New Zealand is much more conscious of cost effectiveness than the US when providing health care. As interpreter services grow, they will compete for budget from other health services and be prioritised according to cost benefit. The cost and availability of interpreter services vary considerably from face-to-face interpreter, video interpreter, telephone interpreter, bilingual clinician or “free” ad hoc interpreter. We need the clinical skills to make decisions about which tools are adequate and cost-effective for the clinical situations we face.29 Insisting on always using a face-to-face interpreter, or banning bilingual clinicians from using their language skills unless certified, may be essential for the most complex consultations, but if clinicians hone the clinical skill of judging the quality of communication, the benefits of using family members and speaking directly to patients may be available without the risks.

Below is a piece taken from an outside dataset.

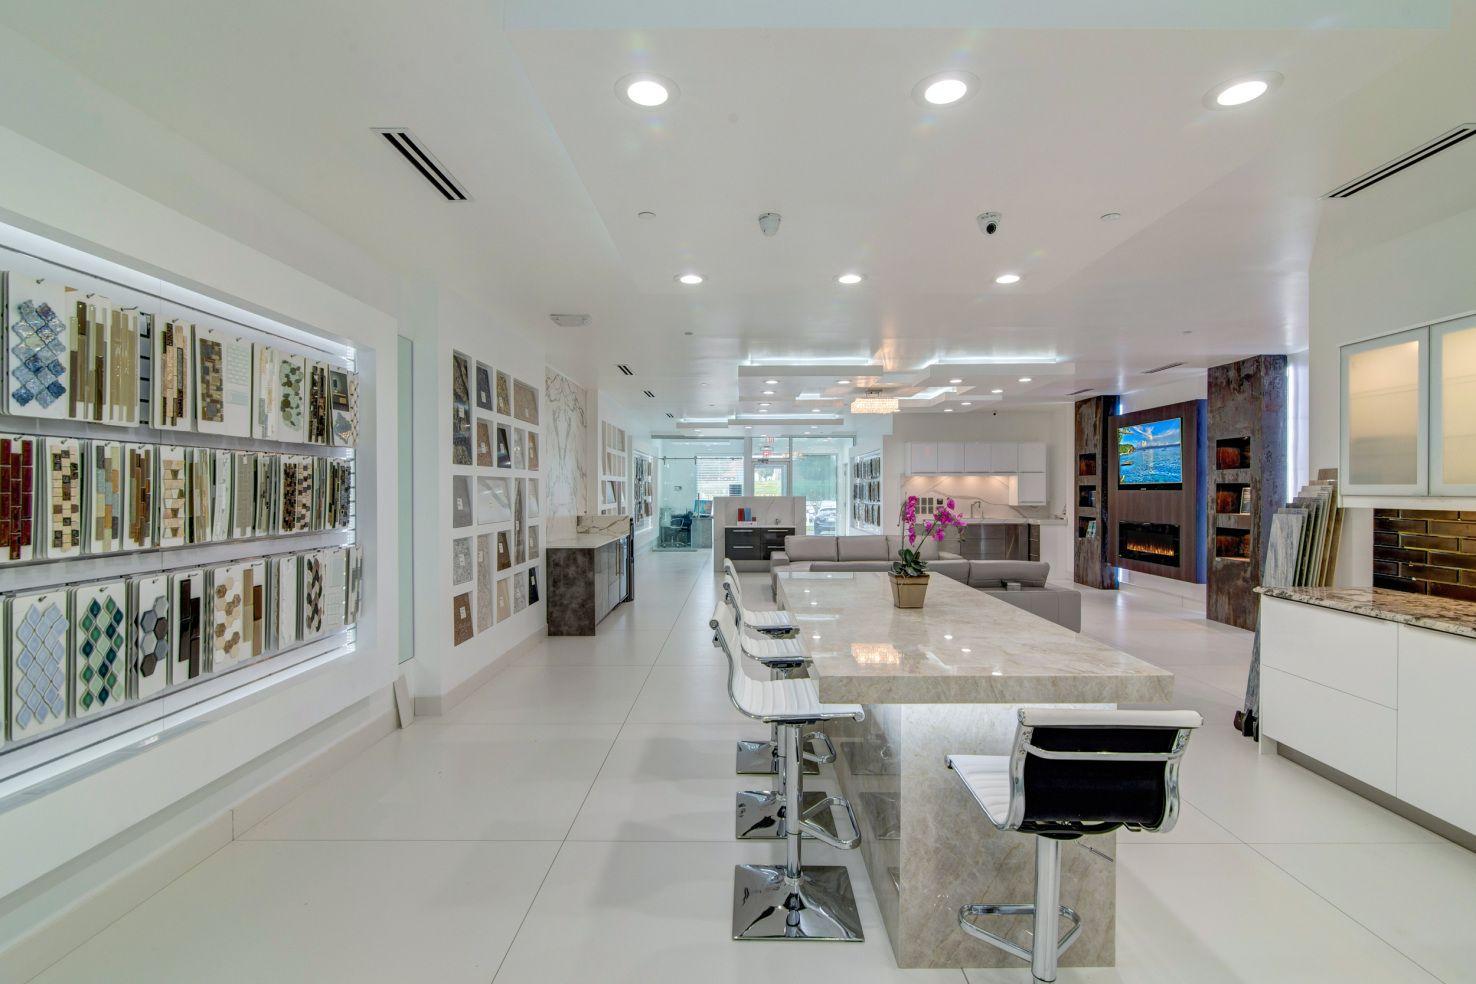 2018 Granite Countertops Chantilly Va   Corner Kitchen Cupboard Ideas Check  More At Http:/

Cultural competency in medicine is not possible unless language differences are addressed effectively. Many disparities that appear to be based on cultural, socioeconomic, demographic and other differences can be reduced or eliminated with the use of qualified medical interpretation and translation in multilingual situations. The development of this precious resource varies from country to country around the world as most developed countries face increasingly diverse groups of immigrants and refugees as well as inclusion of more indigenous groups of patients. The US has been one of the leaders in this area since the 1980s. Countries like New Zealand are in different stages of development and on different pathways. Increased international collaboration may facilitate evolution of cost-effective inclusion of professional medical interpreters as part of multidisciplinary health care teams.